• [What you need to do]: Extract the lines beginning at the one that holds "Dott. Giuseppe Filidoro" and ending at the final line of the material below, keeping them exact and leaving out all pictures.

• [Dataset section]:
------------------------------------------------------------

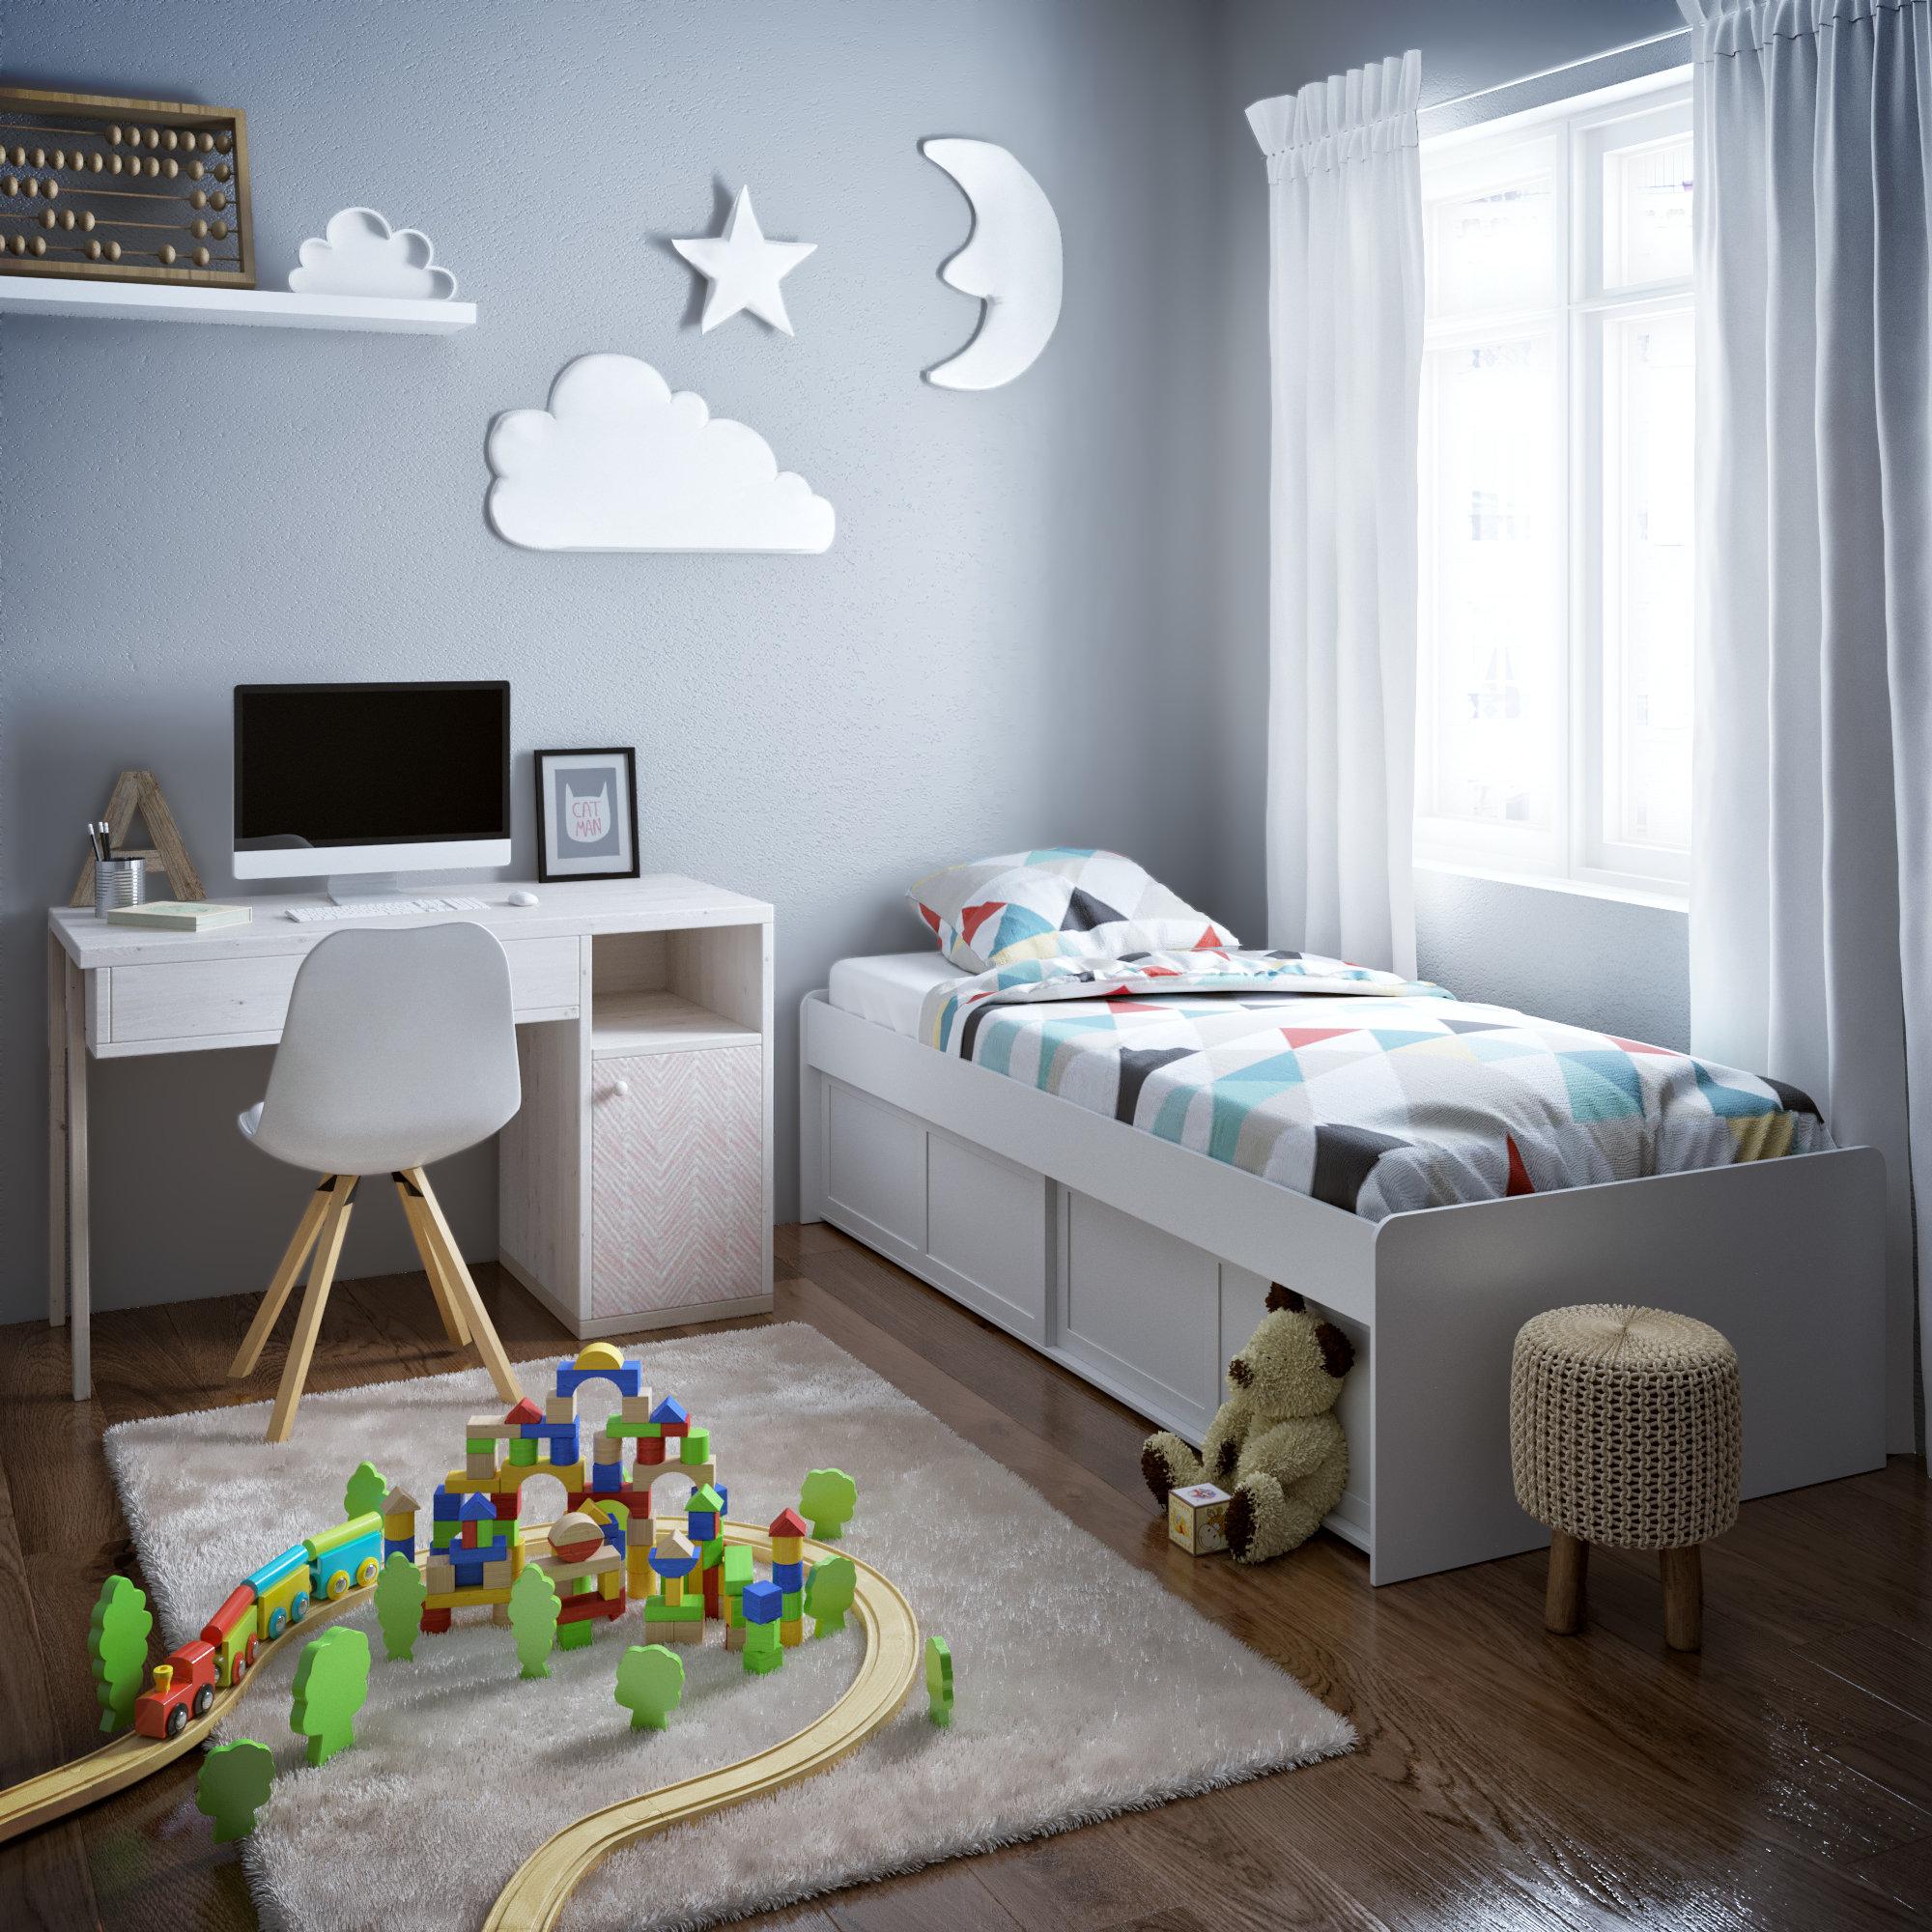 Chambre enfant gris marron blanc : inspiration style Scandinave
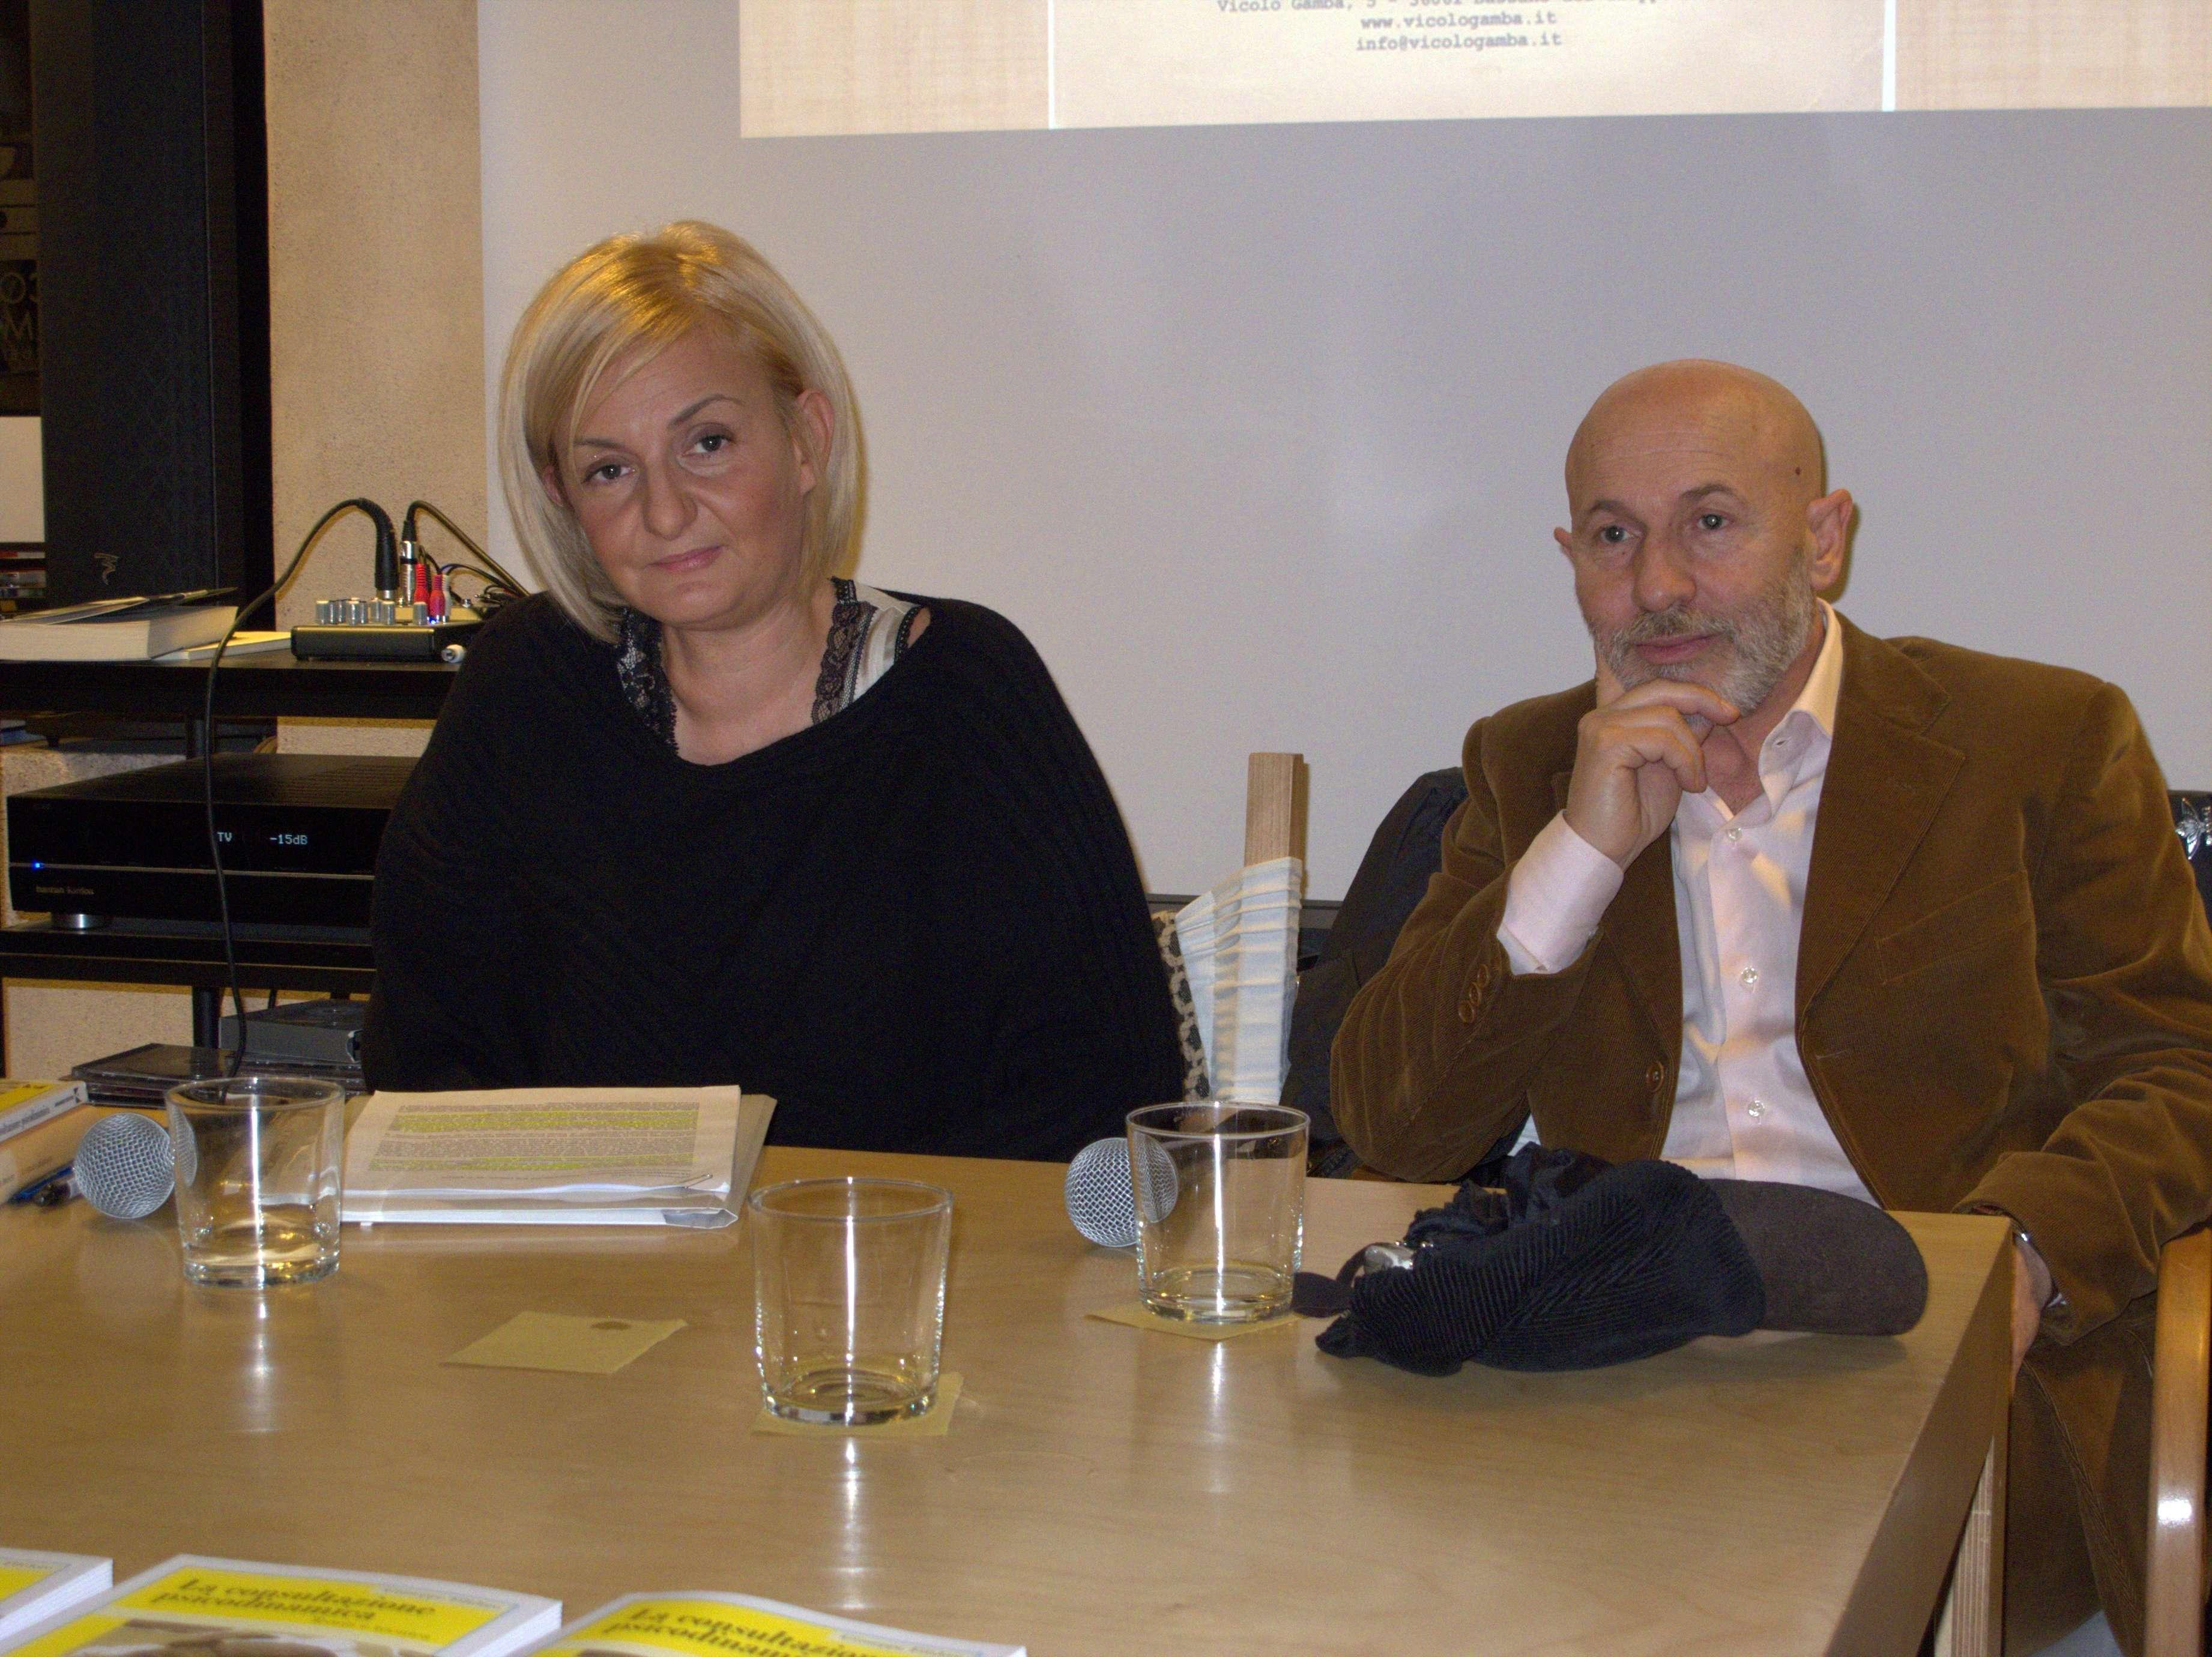 Dott. Giuseppe Filidoro e Dott.ssa Sabina Scattola alla presentazione del libro LA CONSILTAZIONE PSICODINAMICA
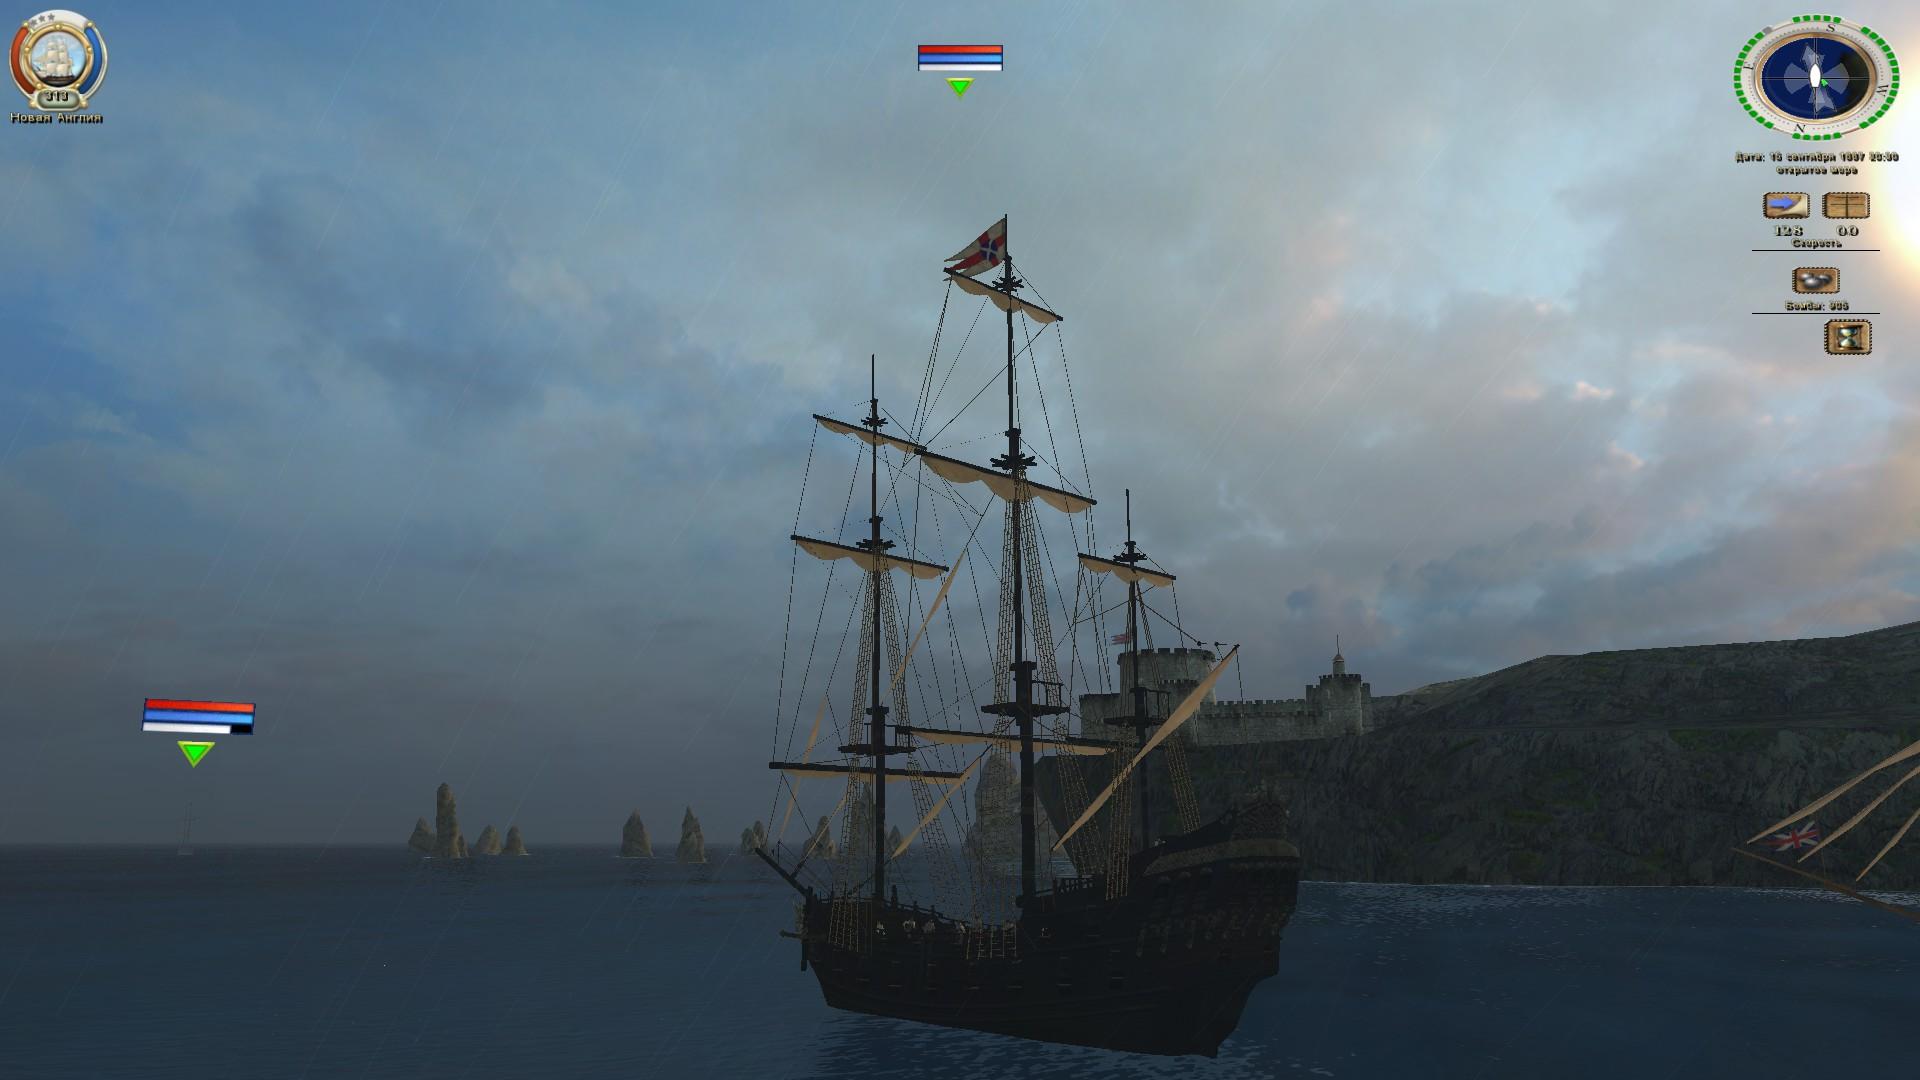 celebrando mi ascenso a almirante 2910

------------------------------------------------------------

• [Solution to this task]:
 Dott. Giuseppe Filidoro e Dott.ssa Sabina Scattola alla presentazione del libro LA CONSILTAZIONE PSICODINAMICA
 celebrando mi ascenso a almirante 2910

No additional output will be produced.